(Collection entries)
>>>
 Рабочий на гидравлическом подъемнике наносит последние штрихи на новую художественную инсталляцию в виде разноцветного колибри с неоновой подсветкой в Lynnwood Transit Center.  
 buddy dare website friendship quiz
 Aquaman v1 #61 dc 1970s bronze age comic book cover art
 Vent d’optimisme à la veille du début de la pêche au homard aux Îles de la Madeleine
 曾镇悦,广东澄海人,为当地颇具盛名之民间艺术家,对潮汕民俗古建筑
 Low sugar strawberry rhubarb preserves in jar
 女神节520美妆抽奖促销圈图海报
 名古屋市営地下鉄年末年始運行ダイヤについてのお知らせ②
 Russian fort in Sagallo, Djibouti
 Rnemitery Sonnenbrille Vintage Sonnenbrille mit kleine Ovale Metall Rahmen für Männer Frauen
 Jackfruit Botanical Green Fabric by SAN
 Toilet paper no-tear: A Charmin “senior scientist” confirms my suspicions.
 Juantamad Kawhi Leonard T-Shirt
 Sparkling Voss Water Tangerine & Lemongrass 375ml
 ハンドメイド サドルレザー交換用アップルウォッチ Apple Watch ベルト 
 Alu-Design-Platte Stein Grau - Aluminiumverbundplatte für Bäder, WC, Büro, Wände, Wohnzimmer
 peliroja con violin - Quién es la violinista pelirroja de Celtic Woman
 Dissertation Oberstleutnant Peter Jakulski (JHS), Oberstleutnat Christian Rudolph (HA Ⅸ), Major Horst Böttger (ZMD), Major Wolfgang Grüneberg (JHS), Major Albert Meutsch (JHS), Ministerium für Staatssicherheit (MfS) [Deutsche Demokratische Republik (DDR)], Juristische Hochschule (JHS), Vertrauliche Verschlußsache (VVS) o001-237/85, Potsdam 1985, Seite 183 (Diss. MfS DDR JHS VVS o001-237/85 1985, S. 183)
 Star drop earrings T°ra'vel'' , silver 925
<<<
**Work instructions**
Please give a word-for-word repetition of the lines from the one containing "peliroja con violin" through the last line of the data above, including both, and nothing besides.

**Exercise result**
 peliroja con violin - Quién es la violinista pelirroja de Celtic Woman
 Dissertation Oberstleutnant Peter Jakulski (JHS), Oberstleutnat Christian Rudolph (HA Ⅸ), Major Horst Böttger (ZMD), Major Wolfgang Grüneberg (JHS), Major Albert Meutsch (JHS), Ministerium für Staatssicherheit (MfS) [Deutsche Demokratische Republik (DDR)], Juristische Hochschule (JHS), Vertrauliche Verschlußsache (VVS) o001-237/85, Potsdam 1985, Seite 183 (Diss. MfS DDR JHS VVS o001-237/85 1985, S. 183)
 Star drop earrings T°ra'vel'' , silver 925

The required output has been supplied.